Another main driver for health systems to join such arrangements is the increasingly stark choice of maximizing fee-for-service for as long as possible or trying to learn how to thrive under a value-based arrangement, Coletta said.
Similarly, Budhrani cited the growing number of “legislative and non-legislative” pressures, including Medicare payment incentives and rising administrative costs, that will put independent physician practices out of business.
“So, banding together is happening in a very unprecedented way,” Budhrani said. “Whether it’s a bank or a health system or any other large entity, there is no way that a fee-for-service climate will work in that kind of model; it will move toward a value-based population health strategy.”
Collaboration Details
Health plans and providers also described some of the unique components that make their specific collaborations compelling.
Coletta said one health system entered a value-based arrangement with Independence Blue Cross to absorb the full cost of any enrollee’s readmission that took place within 30 days for any reason.
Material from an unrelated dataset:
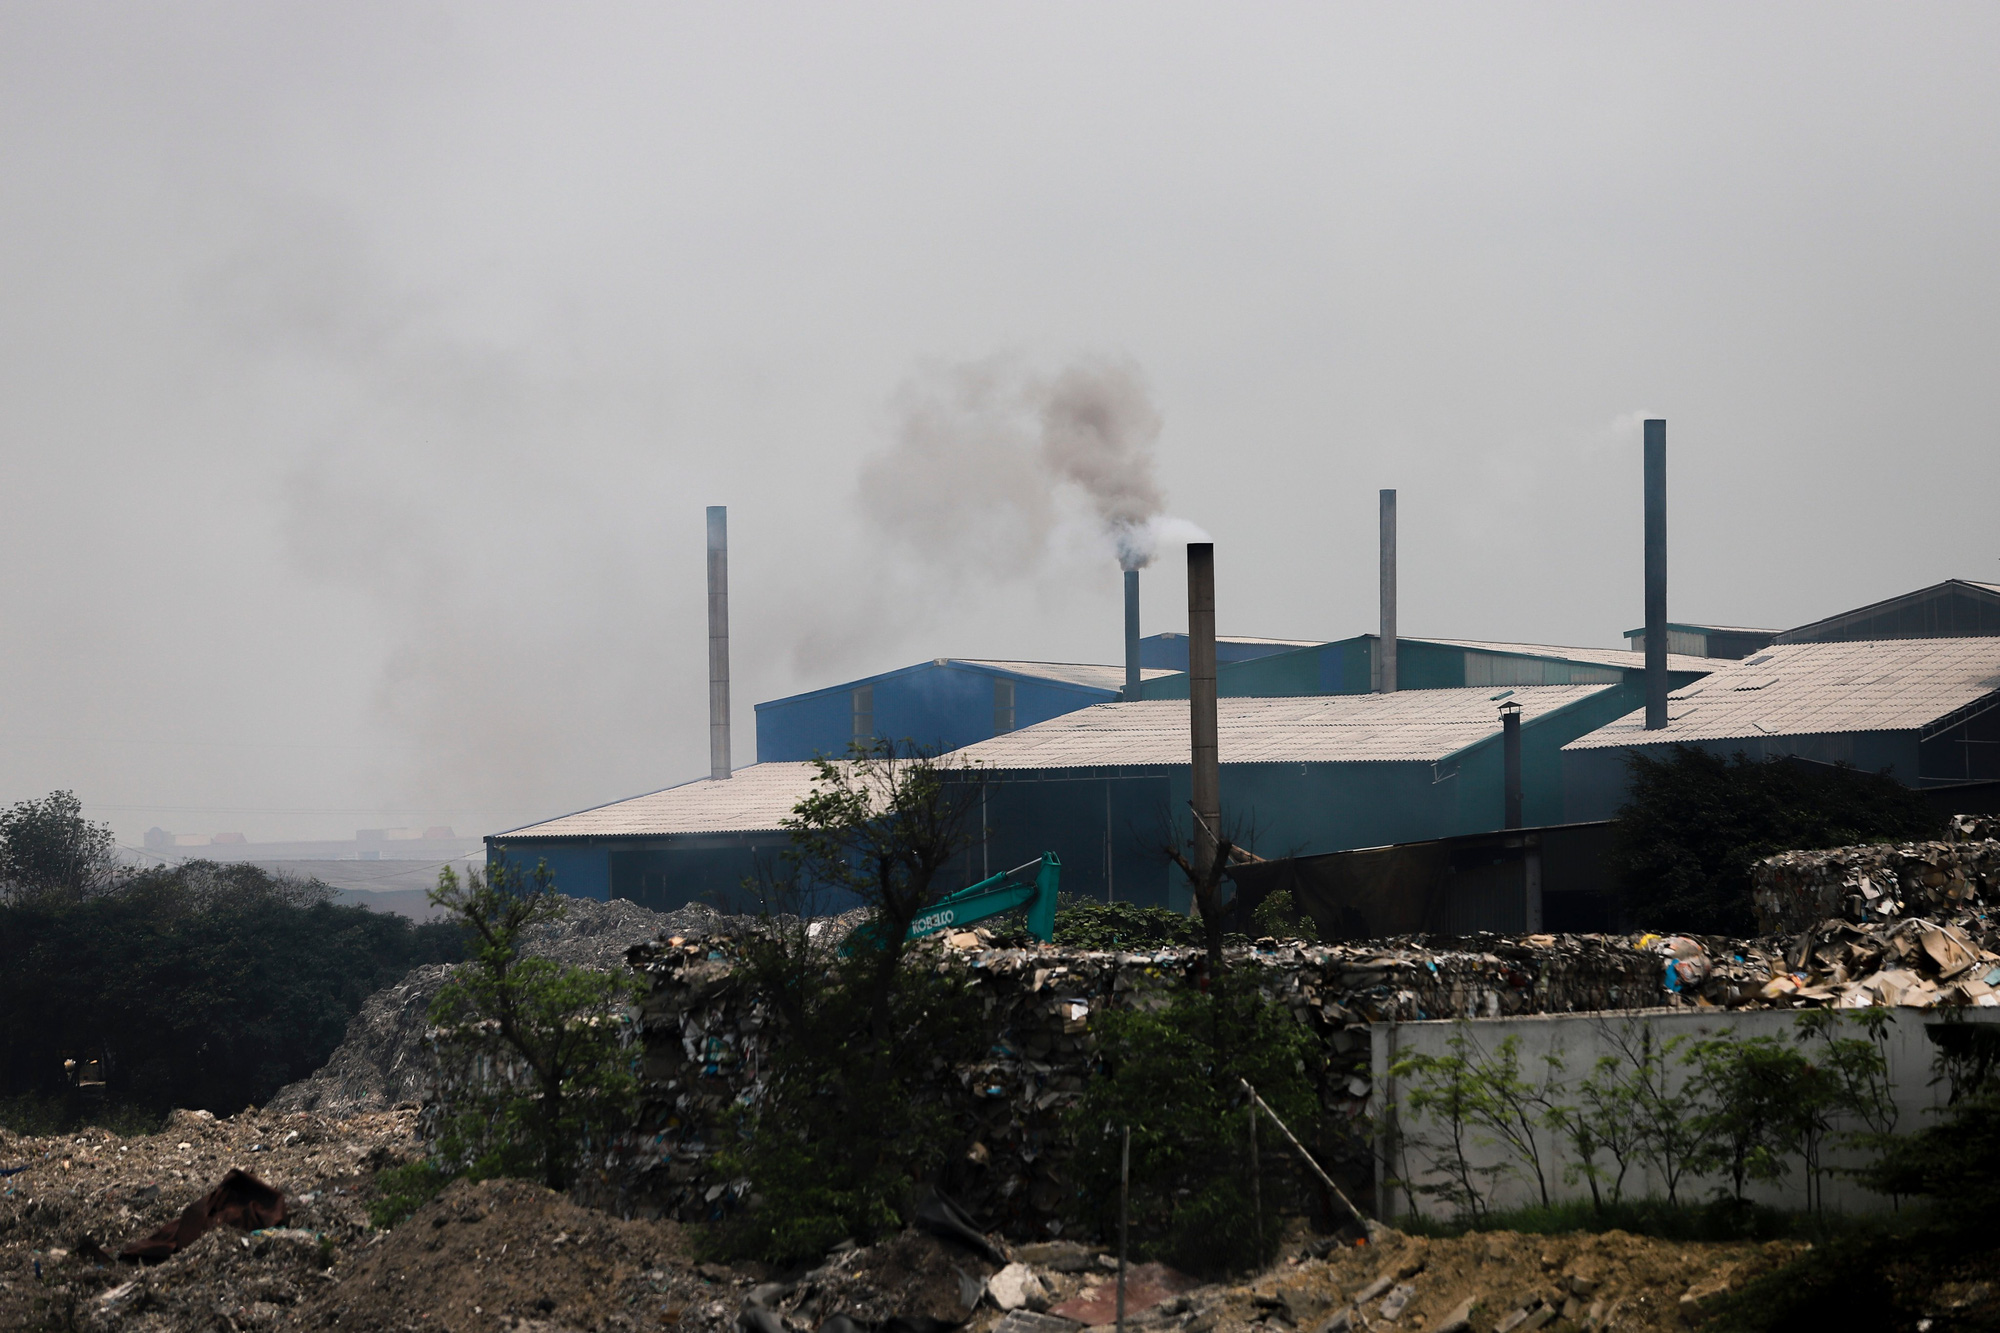 Bắc Ninh: Xử lý hình sự các trường hợp chống đối, gây ô nhiễm môi trường kinh hoàng ở làng giấy Phong Khê - Ảnh 2.

“So [they’ve taken] a very forward-thinking progressive jump into the value-based world and [they] get to learn how to do it, and that has set the bar in the marketplace,” Coletta said
At least one of the collaborative approaches takes advantage of the physician, hospital, and health system consolidation trend. Rolfing said Bright Health is able to contract with just one provider in a growing number of markets because so many markets have become dominated by a single health system.
“When you look at any geography and look at what has happened, there’s been such a consolidation of not only the specialists but expansion of a geographic footprint,” Rolfing said.